**YOUR OBJECTIVE**.
Output word for word the lines from the one with "Mercedes har testets" to the final line of the data, both ends included, but skip the pictures.

**PROVIDED MATERIAL**.
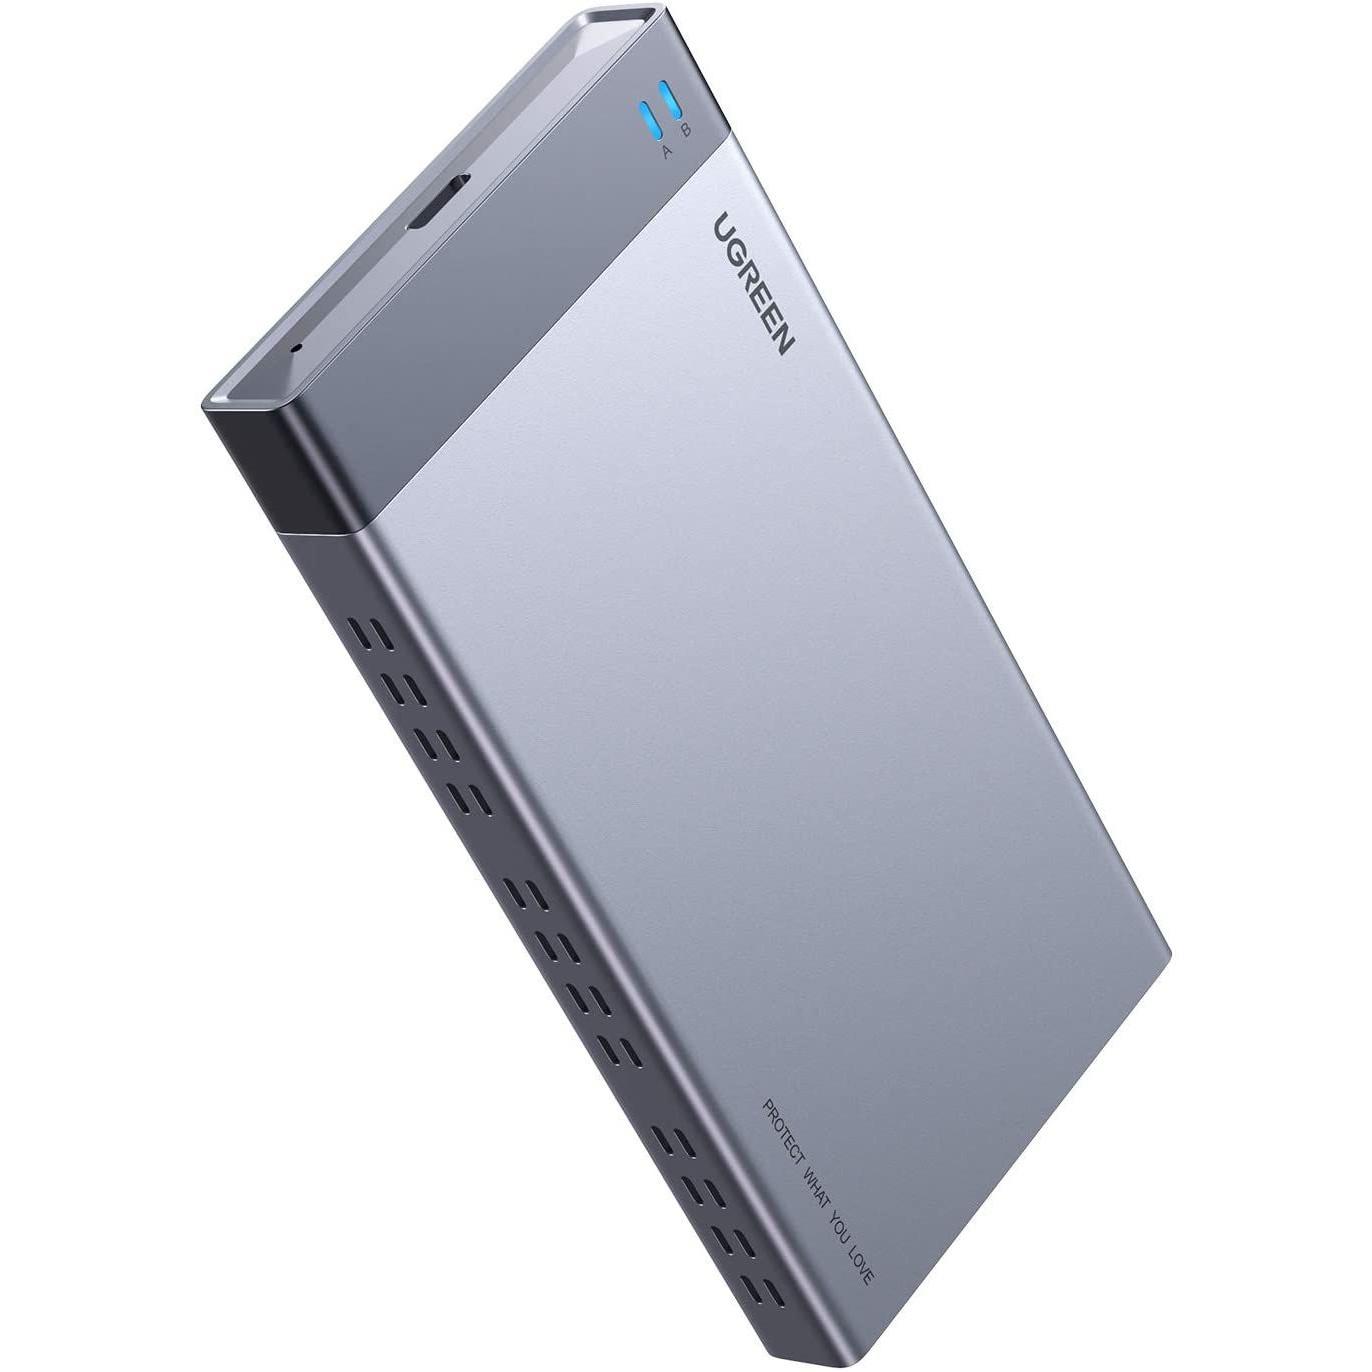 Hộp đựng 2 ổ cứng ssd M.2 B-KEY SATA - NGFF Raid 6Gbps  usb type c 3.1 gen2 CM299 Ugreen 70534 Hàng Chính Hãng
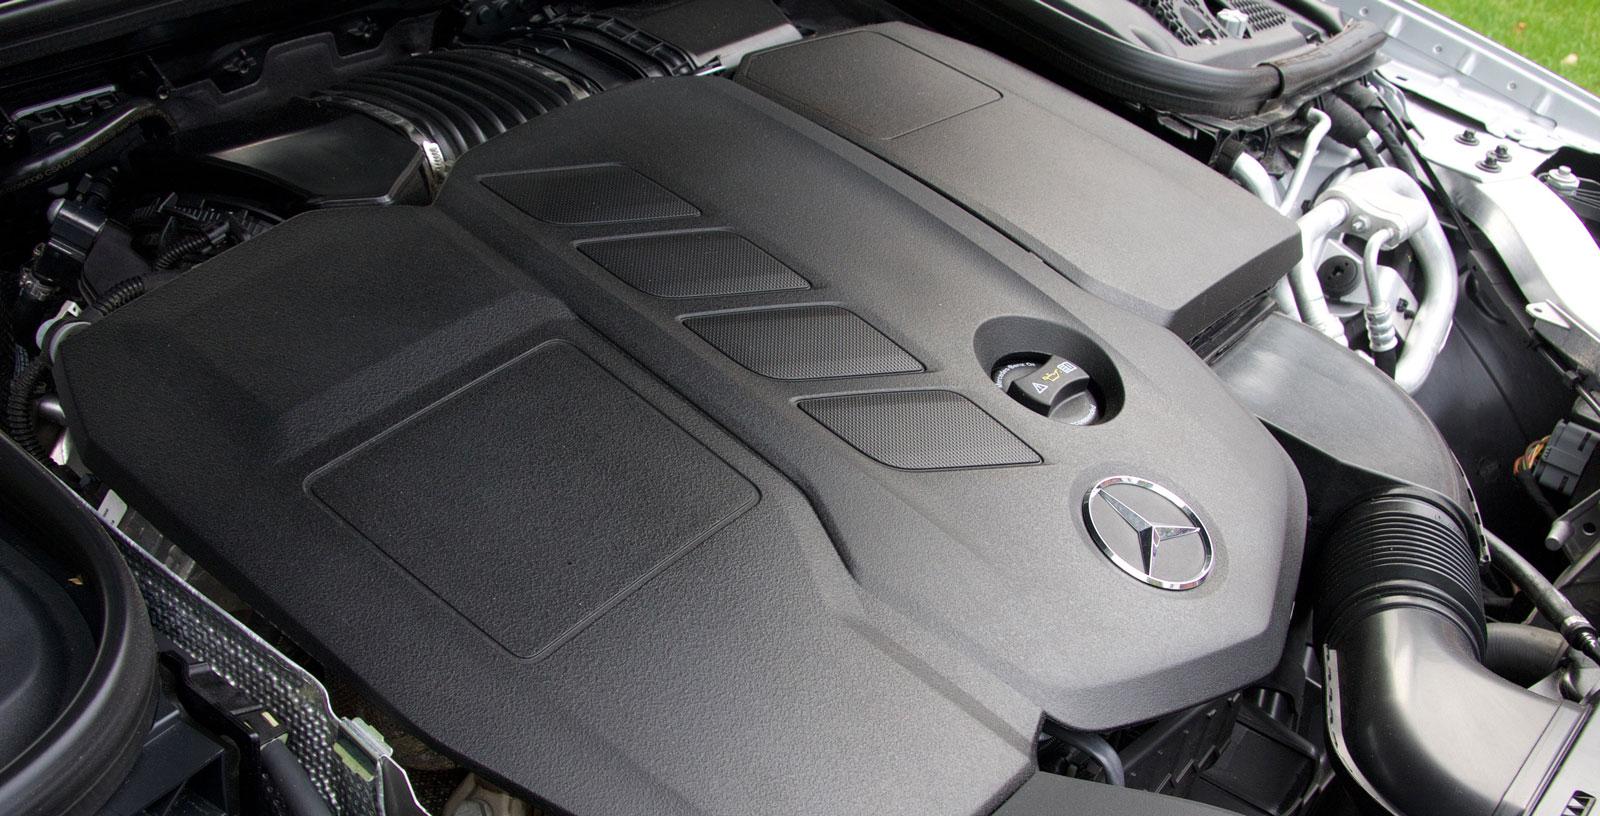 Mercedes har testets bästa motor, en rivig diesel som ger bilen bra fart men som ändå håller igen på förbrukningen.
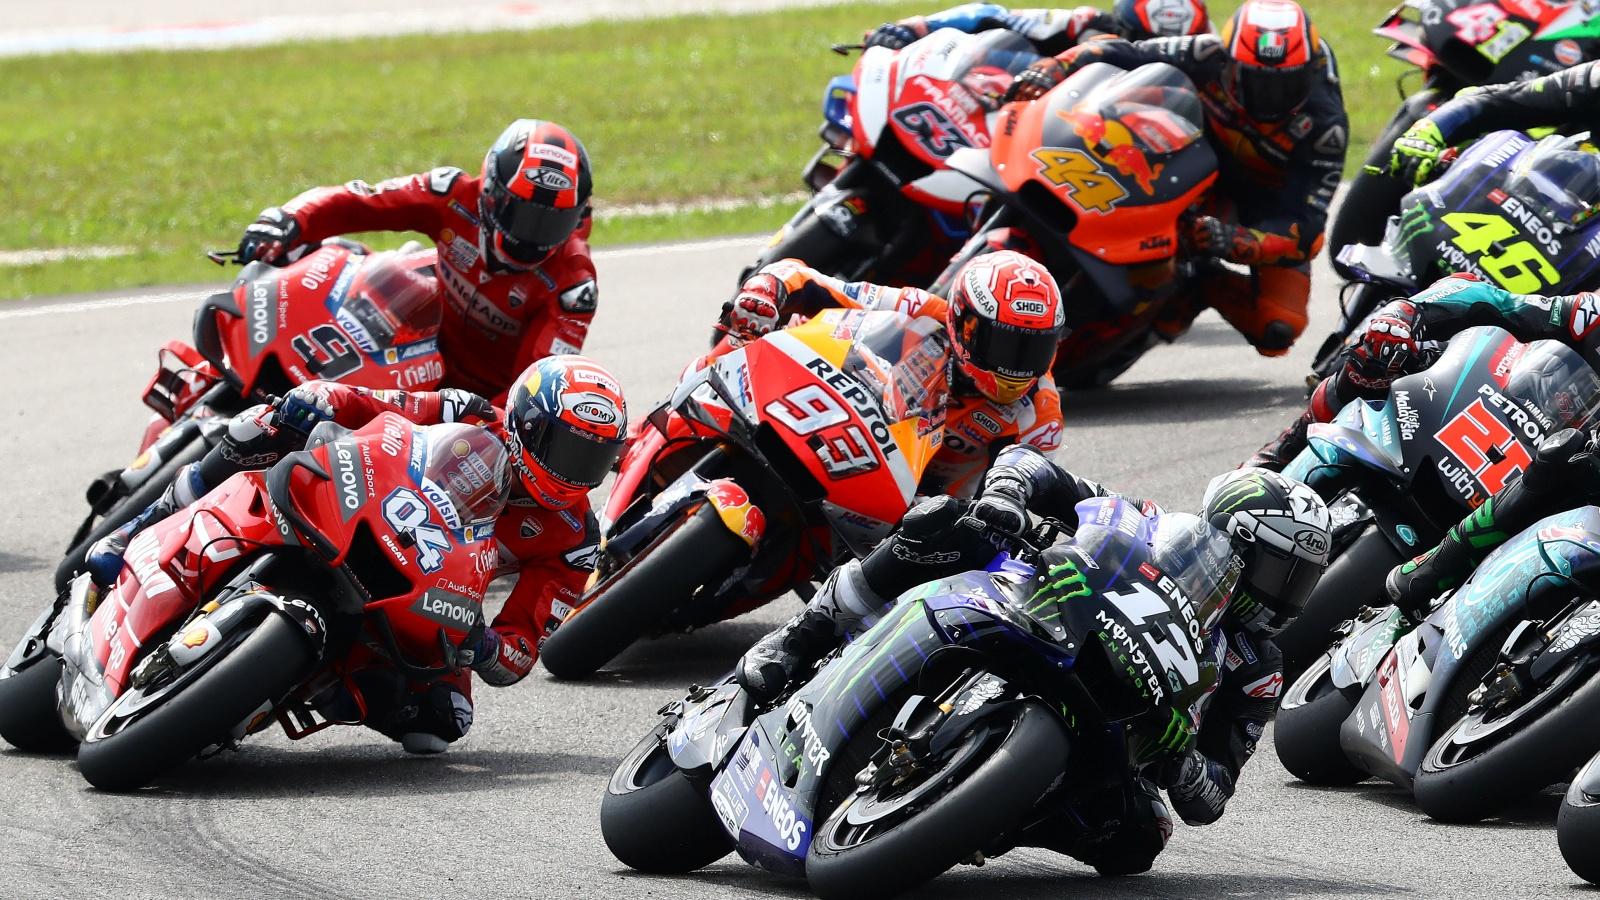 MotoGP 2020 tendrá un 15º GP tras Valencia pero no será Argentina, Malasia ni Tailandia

**ANSWER TO THIS EXERCISE**.
 Mercedes har testets bästa motor, en rivig diesel som ger bilen bra fart men som ändå håller igen på förbrukningen.
 MotoGP 2020 tendrá un 15º GP tras Valencia pero no será Argentina, Malasia ni Tailandia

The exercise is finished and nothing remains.